Once you’ve done that, my son…it will all become very, very simple indeed…except for the parts that aren’t, but won’t you feel like the clever one when you figure it out anyway…?!

Monday, March 26, 2012

Money Monday: March 26, 2012

This is probably going to be the shortest of these posts ever. This is the last week of this contract, and I’m probably going to be AWOL yet again all this week. There’s just way too much to do, and I’m way too agitated / tired / cranky / etc. to write much.

I’ve spent a lot of time pondering What’s Next over these last several weeks…but to be honest? I’ve been trying not to do that.

My brain is overloaded with all the work-related chatter going on inside it; all the shoulda-woulda-coulda crap that insists on playing through no matter how often I shout, “NO TIME! TOO LATE! QUIT IT, THERE’S NOTHING I CAN DO ABOUT THAT NOW!”

It keeps me up at night, which leads to exhaustion (go figure), which leads to crankiness and more brain-chatter.

This is not a good time to attempt to make balanced, reasonable decisions about what I want to do once this contract is over; history has shown me, again and again, that decisions I make when I’m emotionally or physically off-balance – and I’m a bit of both right now, frankly – tend to be bad ones.

Not to digress, but I feel like I need to say this: I’m not being abused by anybody but myself on this deal. Nobody is being “mean” to me, or anything like that. What has got me so worked up isn’t my situation, but that of the people I’m leaving behind – who are damned good people that I like an awful lot. I don’t like what I’m seeing ahead for them, which is taking a whole lot of blame for a whole lot of stuff that they are not being equipped to defend themselves against.

And that’s got me irritable and upset, because it hits my ‘that ain’t fair’ button.

ANYWAY…I’ve been spending a lot more time playing video games than looking at spreadsheets or doing feasibility studies. Which I feel is a much better use of my time than coming up with “great” ideas that start off like, First, we buy a really big used motor home…

The one thing I’m pretty sure of is, I won’t want to stay home for long, if at all. We still have way too much that we want to get done, the husband’s pay is still a good 15% below what it was five years ago and there’s a lot more coming out off the top – the health insurance premiums alone are almost triple what they were five years ago. Combined with the cost of Everything Else going nowhere but up, retirement funds that are deflated like flat tires, woefully inadequate college funds for the Denizens and still being upside-down on the Den – which essentially hamstrings us when opportunities that would require relocation come up – we’d just really like to keep the double-income power-lifting going for a while yet.

But for right immediately now…I’m not going to worry about it. I’m going to get this last week done, and get as much put to bed as I possibly can before I go.

And then I’m going to take a week off from Everything.

And then, I should be ready to actually get moving on something…something that doesn’t involve motor homes and a live-off-the-land lifestyle.

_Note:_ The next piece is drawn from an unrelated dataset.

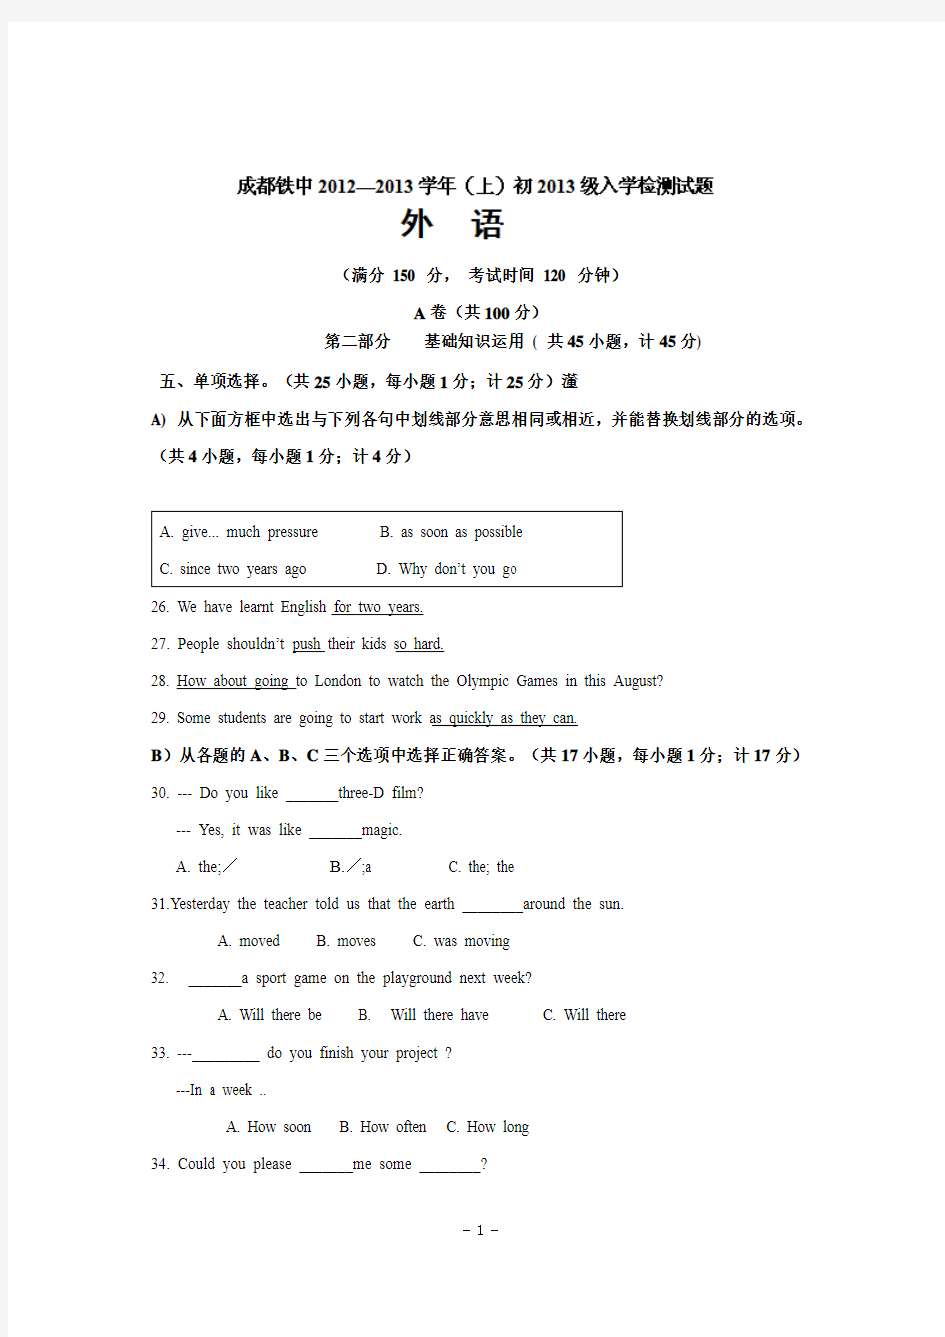 四川省成都市铁路中学2013届九年级上学期入学考试英语试题
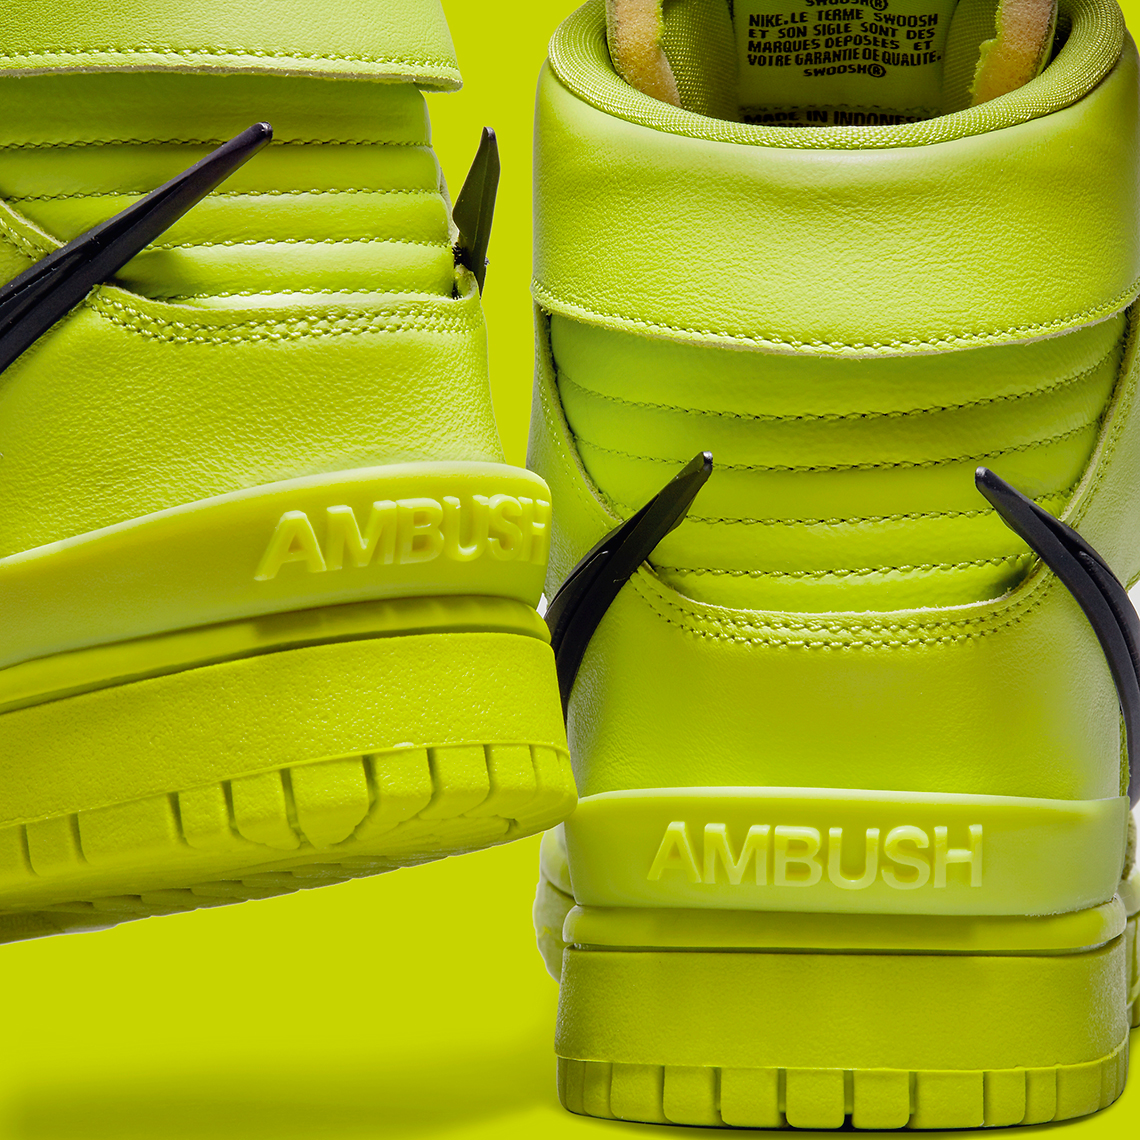 Ambush Nike Dunk High Atomic Green Cu7544 300 Release Date 7

(…which has seemed a lot more tempting than you’d think lately…except I still haven’t come up with a good solution for the Yarn Stash Storage Issue yet…hmmmmm…)

Wednesday, March 21, 2012

In the midst of Chaos

I met with some friends for lunch yesterday; as seems to be somehow required for me lately, what should have been a very, very simple, normal, usual-and-customary break in the middle of a working day turned into some kind of 27,000-page epic odyssey, in which our heroes had to battle twelve-headed monsters, spear-throwing natives, a couple gods and a sea monster.

Because there must always be a sea monster.

I had two different people at work trying to spackle meetings over other meetings. I had one person freaking out because I wasn’t in this meeting while another one was telling me to stop, um, doing my job. And then another person told that person to go climb a pole because if I didn’t do it, it wouldn’t get done, period. (Meanwhile, I’m telling both of them to go climb a pole because neither of them was the boss of me or what I did or didn’t do, work-wise.)

And this person is having a panic attack because she needs me to do her job for her or it won’t get done. And another person is waiting for me to approve his work so that he can move on to the next step. And this guy is sitting there staring at me, waiting for me to…wait…well, actually, I can’t remember what it was he wanted, but, somehow, it was waiting on me.

AND THEN, I get a weird call that would neither connect, nor disconnect. AND THEN another one from Eldest, who had snuck outside to make the call from her (illegal during school hours) cell phone to tell me she was being sent home sick. Hilarity ensues, because we can’t get hold of Vanessa the Great and both the husband and I are in the city, soooo, nobody can come get her…so for the first time ever, a Denizen walked home sick from school alone.

Yeah. I was fine with it. Uh-huh. Noooooo problem. (Except that I was screaming and clawing up the walls the whole time.)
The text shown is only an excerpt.